Raw data
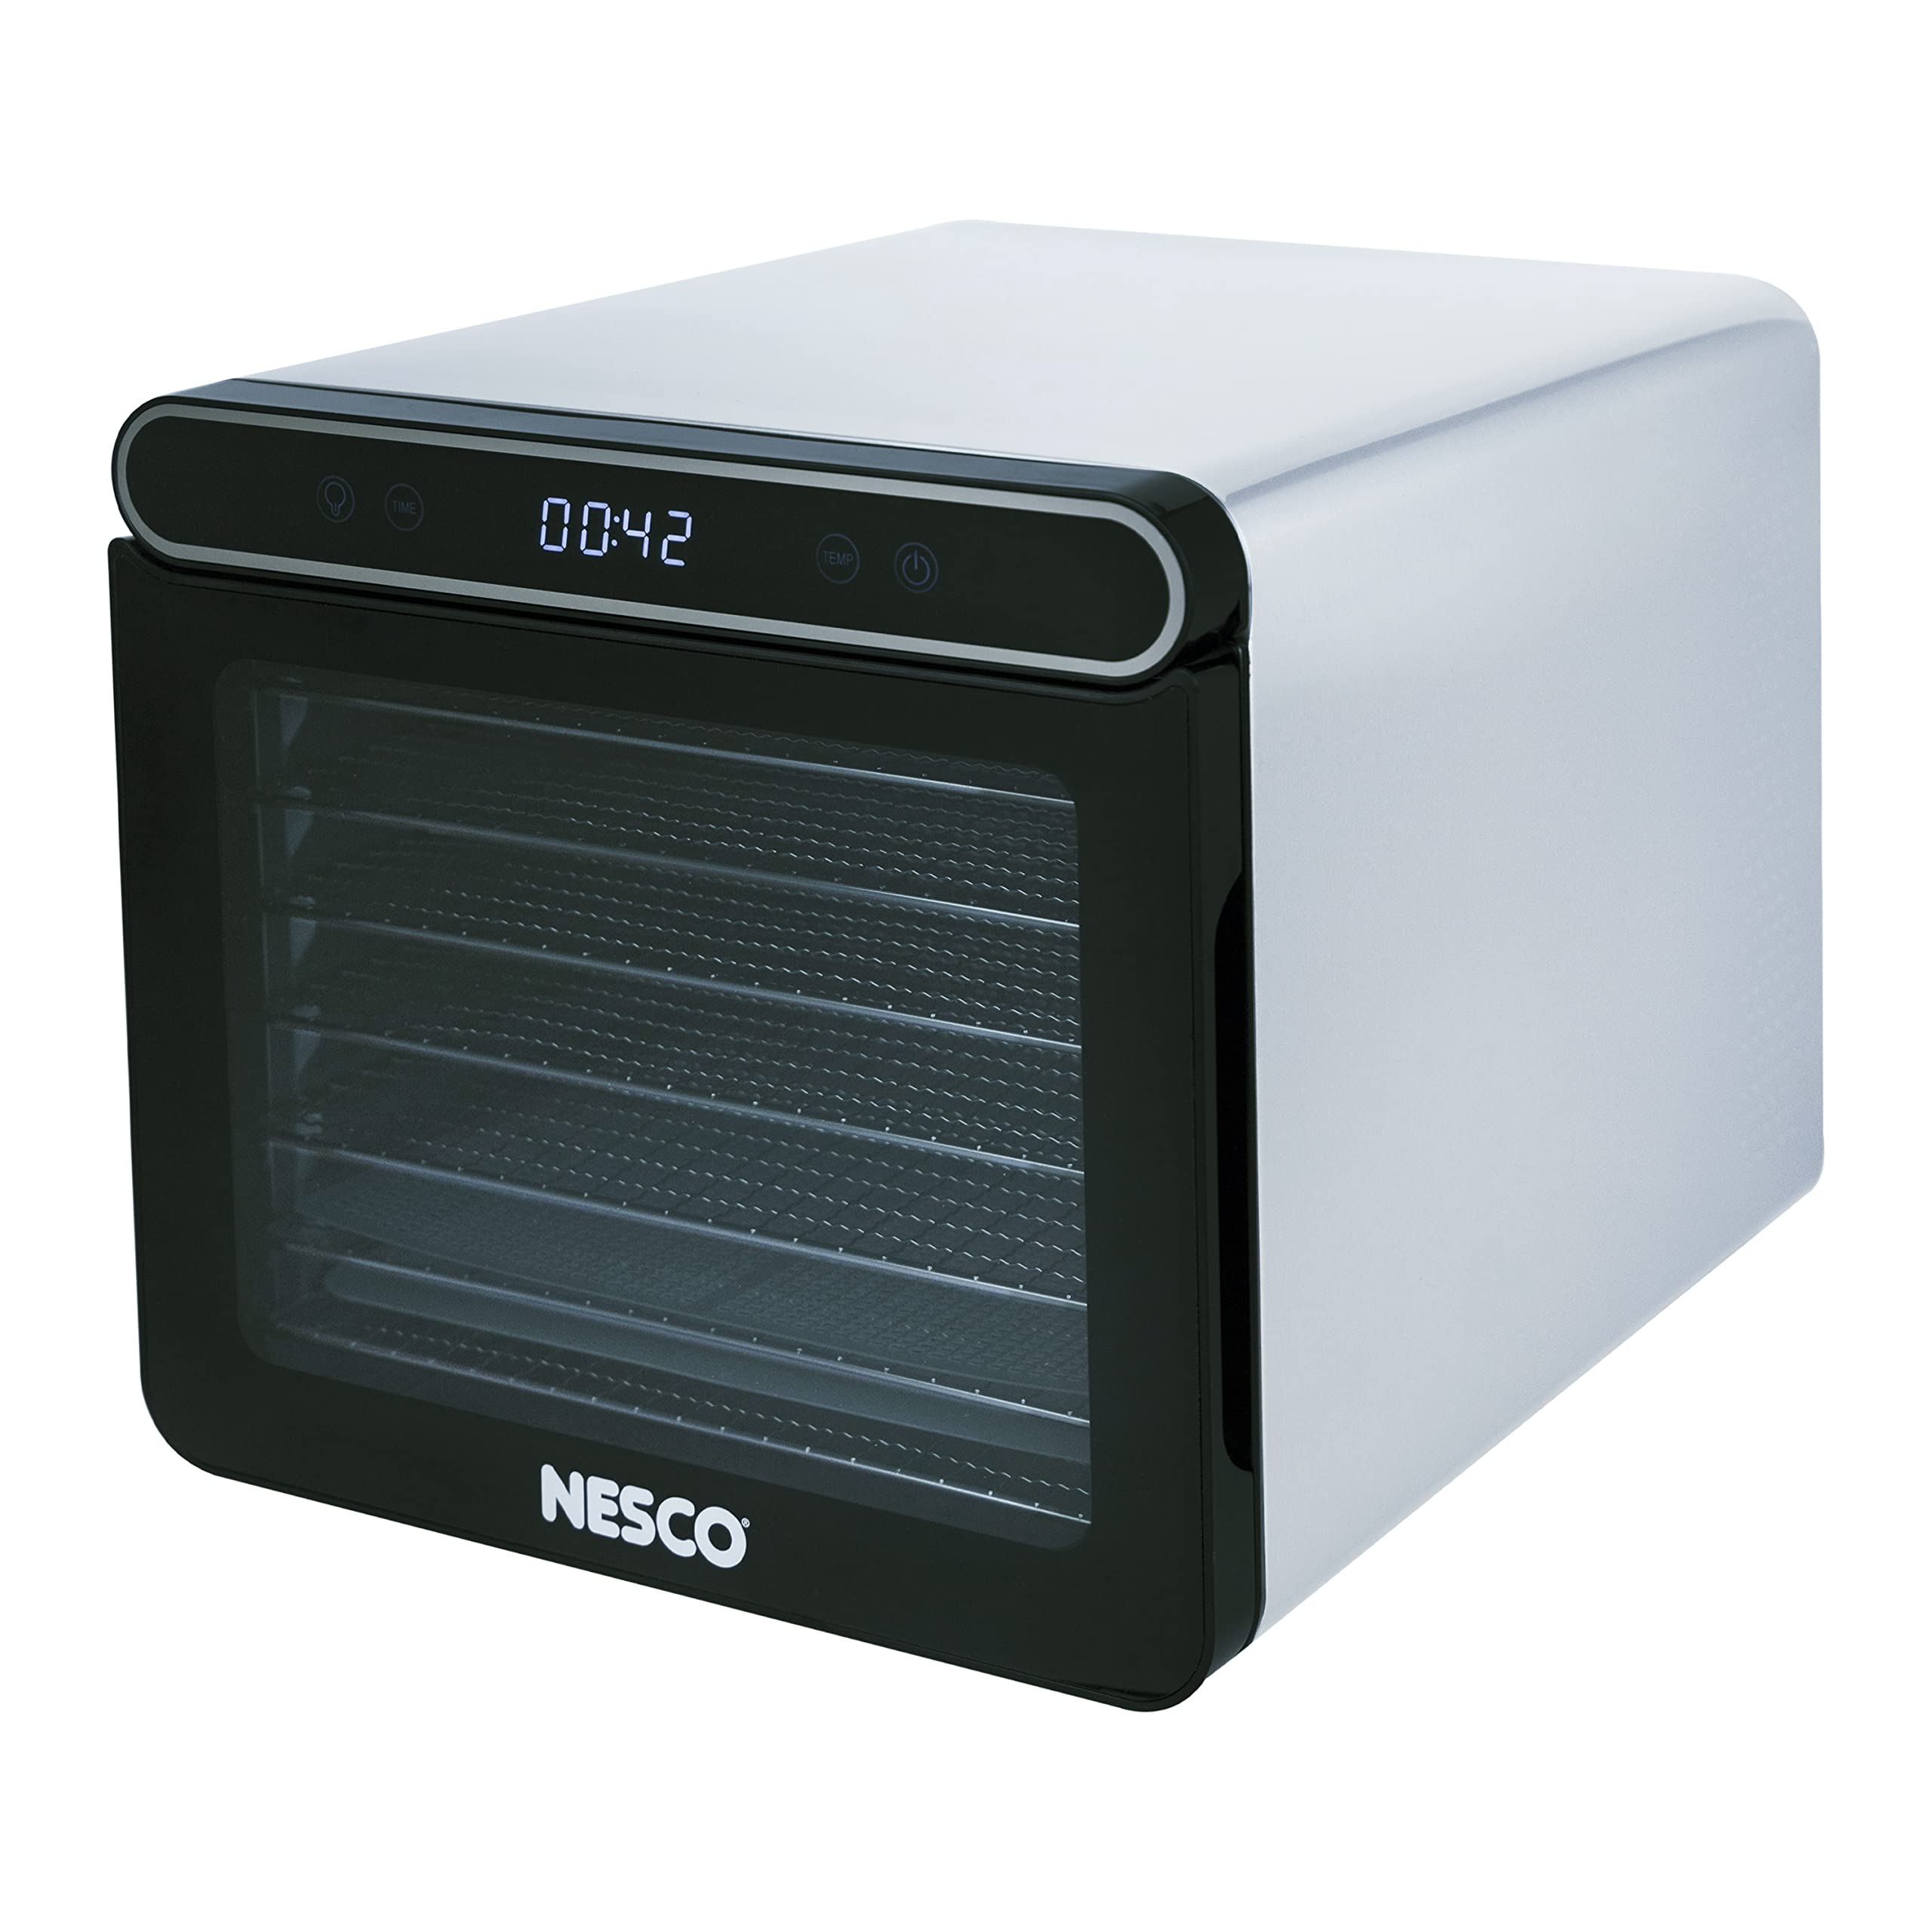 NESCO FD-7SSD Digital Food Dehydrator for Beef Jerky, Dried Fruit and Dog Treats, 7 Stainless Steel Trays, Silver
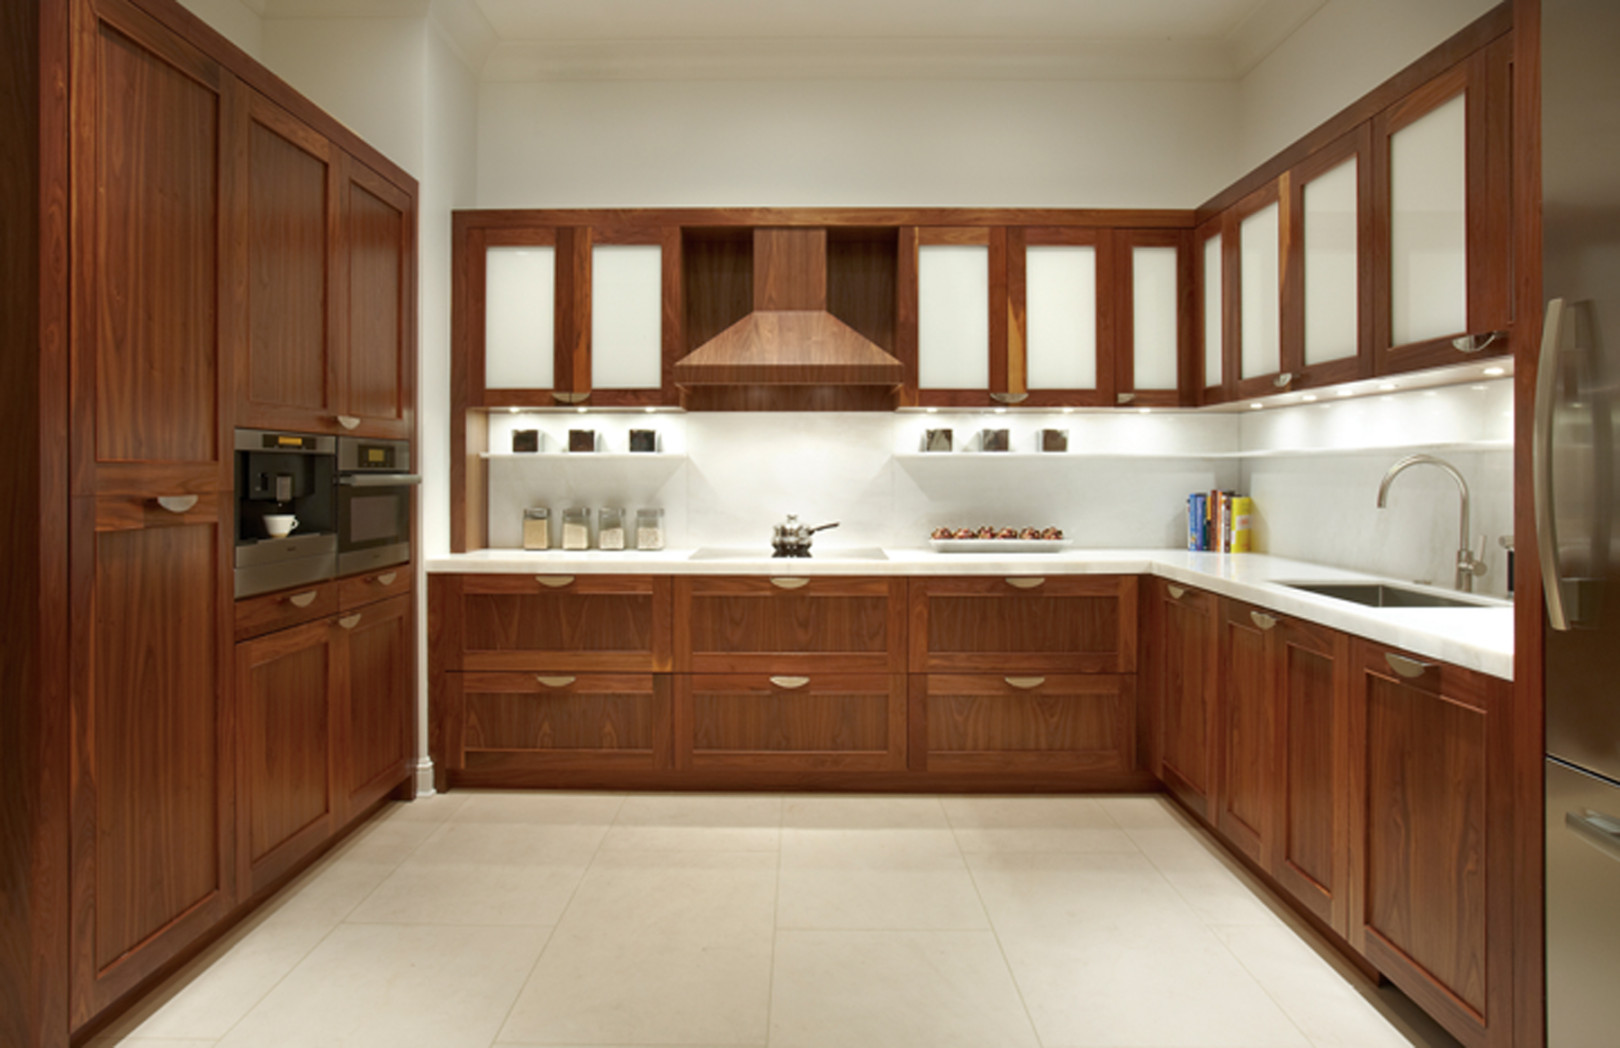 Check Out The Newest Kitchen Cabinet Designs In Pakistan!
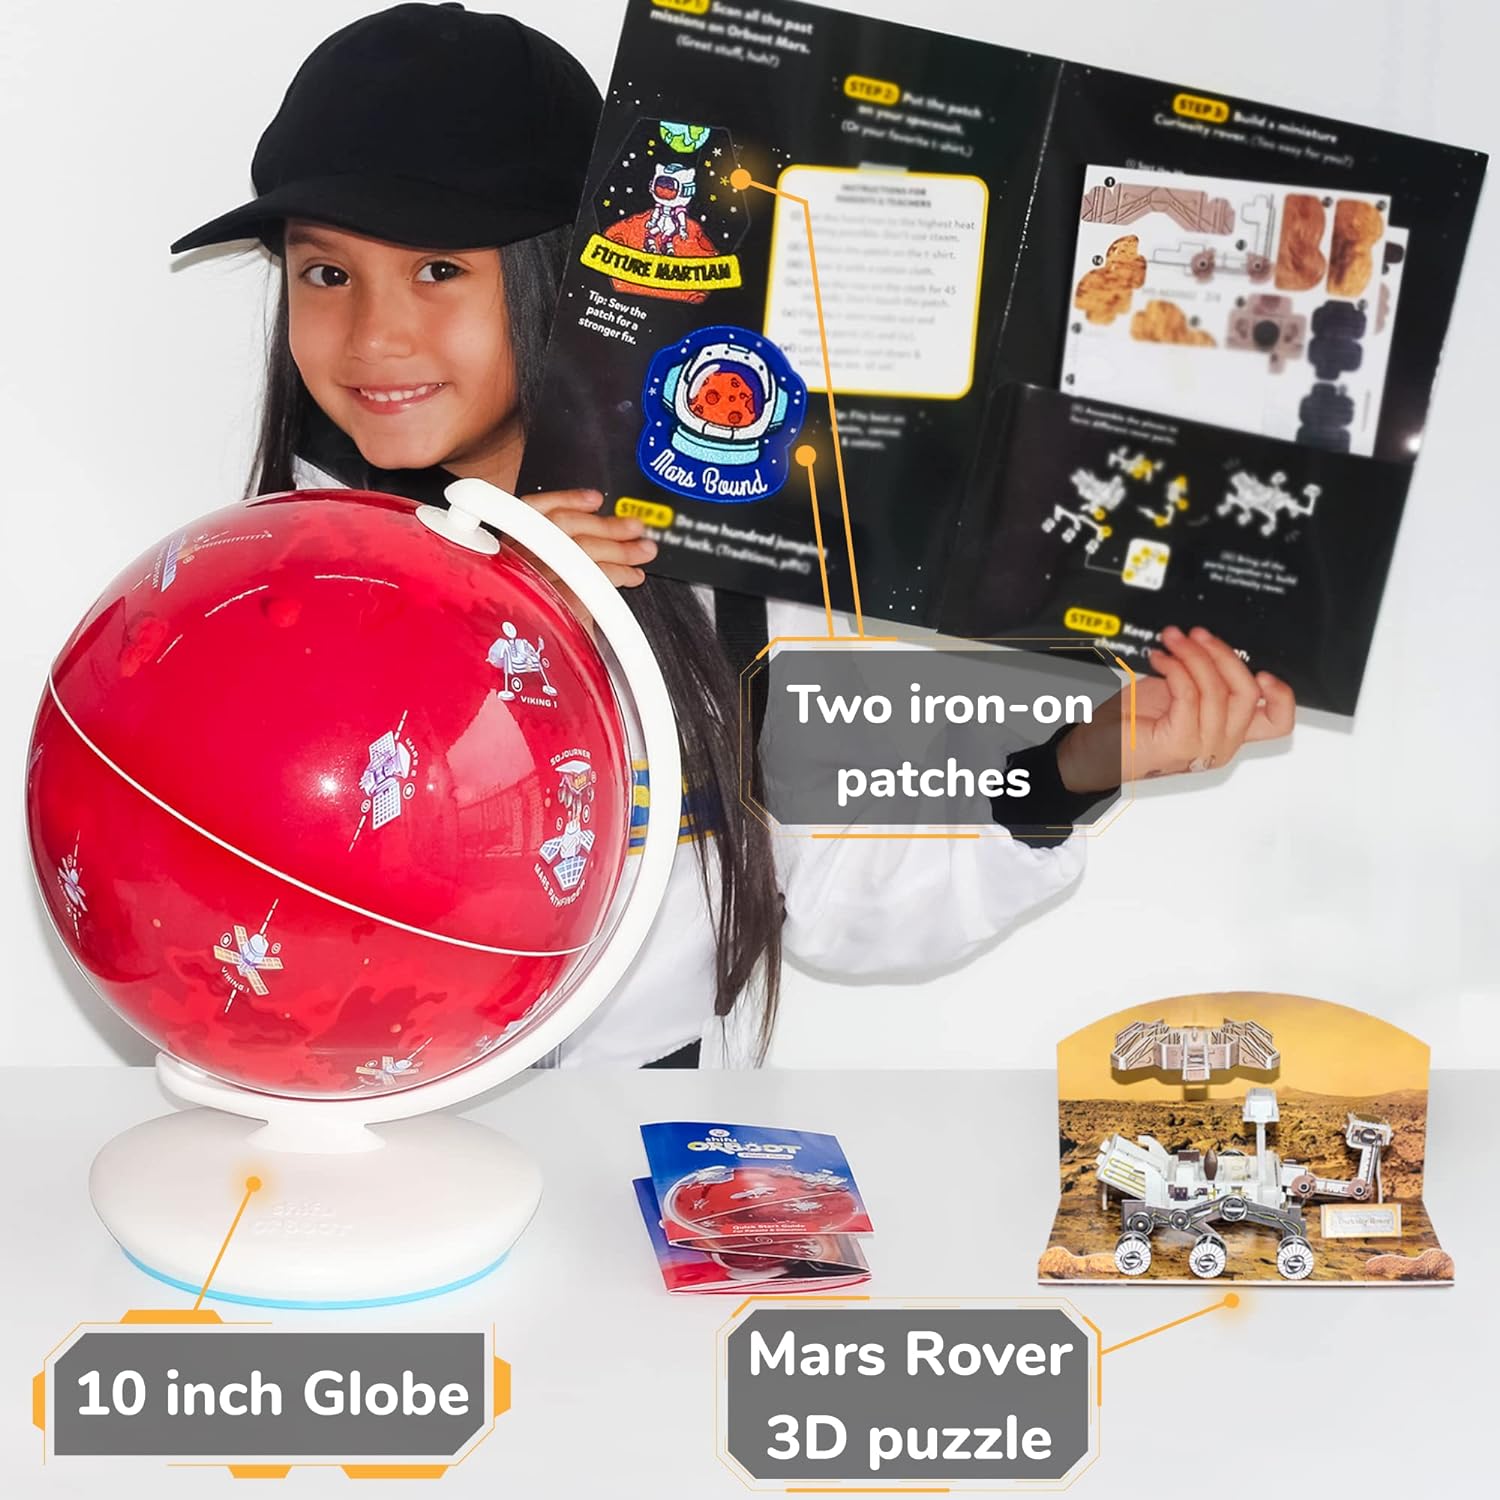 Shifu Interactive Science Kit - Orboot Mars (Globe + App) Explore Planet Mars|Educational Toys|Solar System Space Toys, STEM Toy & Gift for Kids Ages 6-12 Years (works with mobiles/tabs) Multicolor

Your task
Only the text of the listing above should be copied, exactly and with pictures left out.

Task output
 NESCO FD-7SSD Digital Food Dehydrator for Beef Jerky, Dried Fruit and Dog Treats, 7 Stainless Steel Trays, Silver
 Check Out The Newest Kitchen Cabinet Designs In Pakistan!
 Shifu Interactive Science Kit - Orboot Mars (Globe + App) Explore Planet Mars|Educational Toys|Solar System Space Toys, STEM Toy & Gift for Kids Ages 6-12 Years (works with mobiles/tabs) Multicolor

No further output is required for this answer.